## EXERCISE GOAL
For every line in the material, output its text exactly and exclude any image it holds.

## DATA EXTRACT
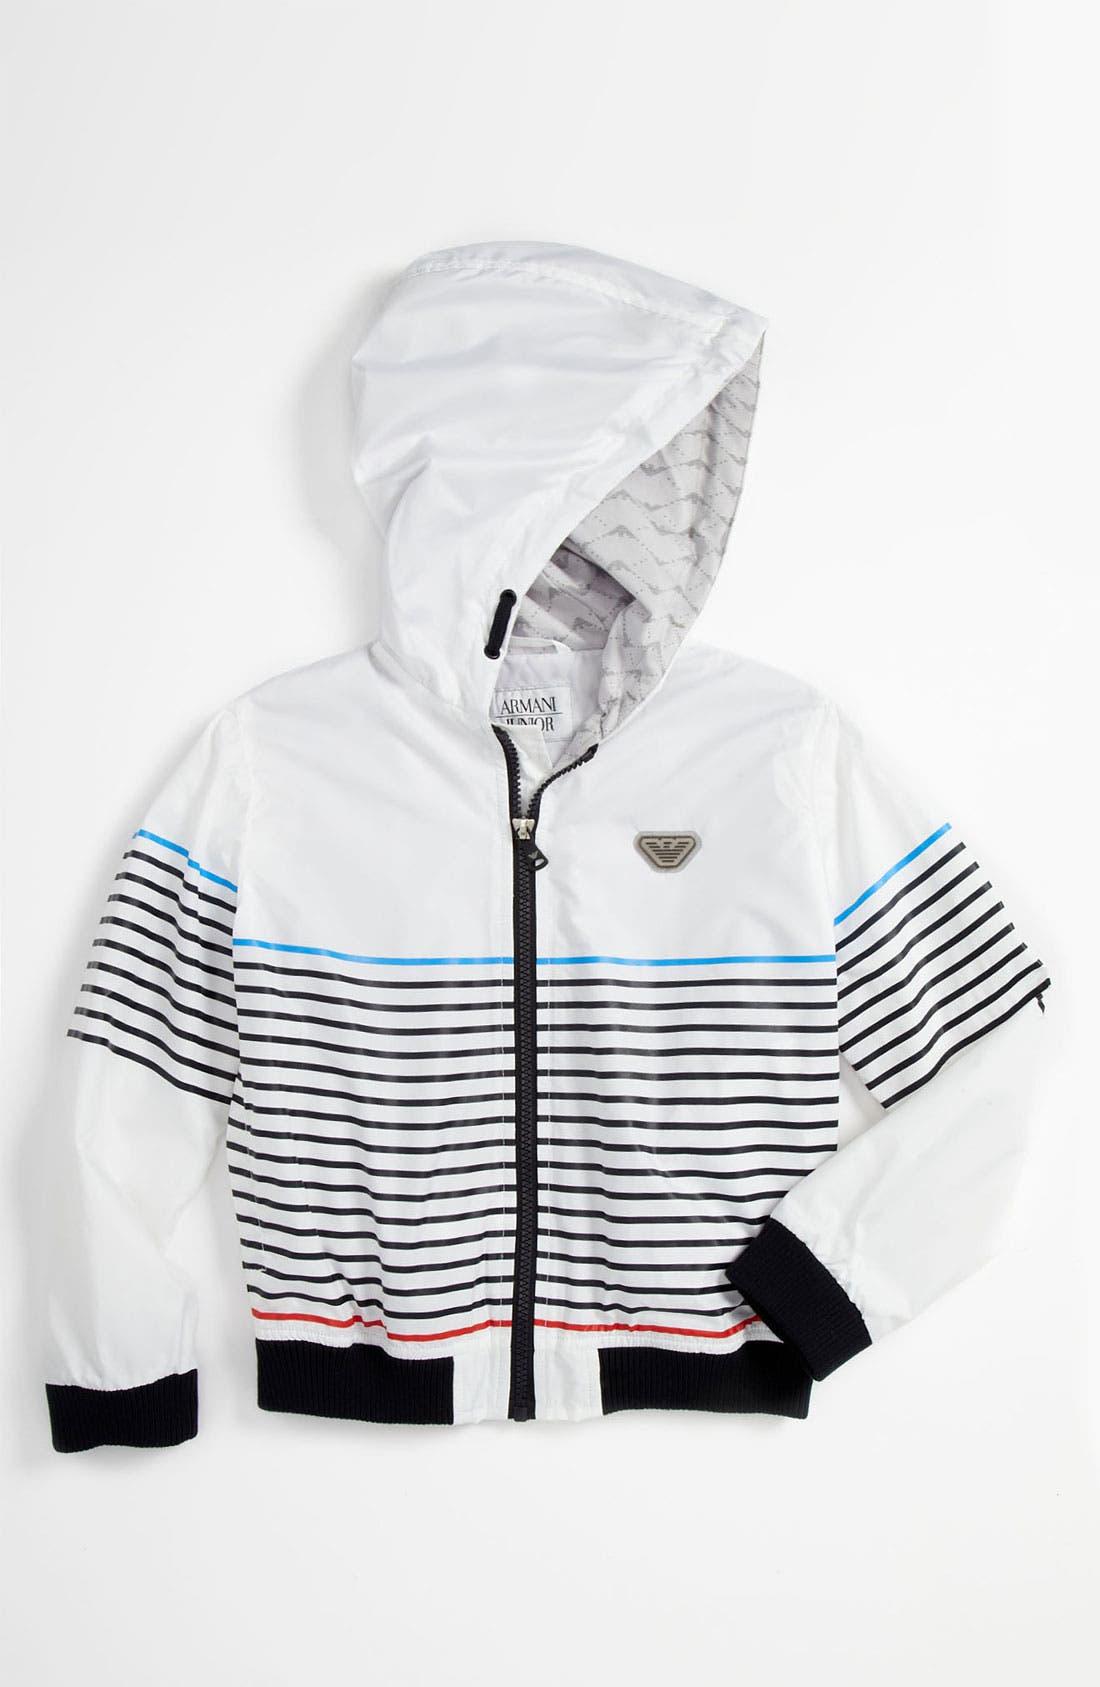 Alternate Image 1 Selected - Armani Junior Stripe Jacket (Toddler & Little Boys)
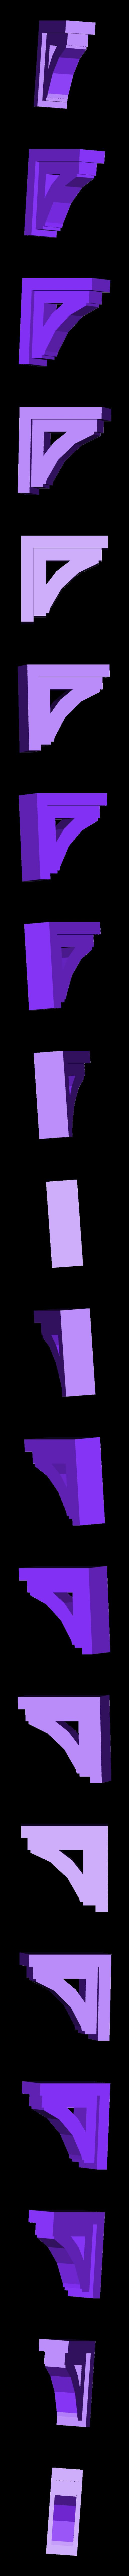 7x7x2_moulding.stl Download free STL file Parametric Corbel • 3D printable model, Steedrick
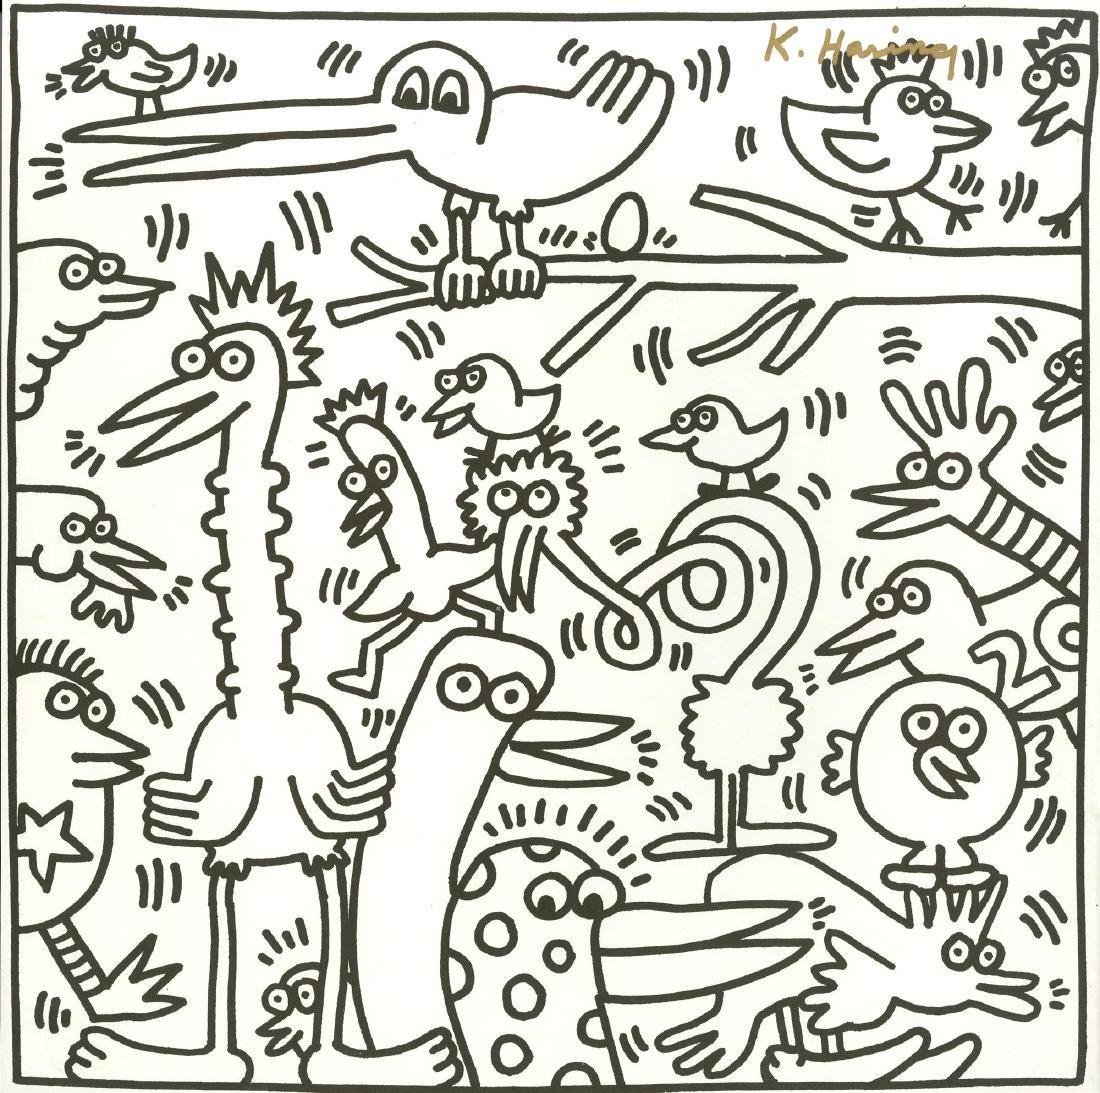 685: KEITH HARING - Twenty Birds

## RESPONSE BELOW
 Alternate Image 1 Selected - Armani Junior Stripe Jacket (Toddler & Little Boys)
 7x7x2_moulding.stl Download free STL file Parametric Corbel • 3D printable model, Steedrick
 685: KEITH HARING - Twenty Birds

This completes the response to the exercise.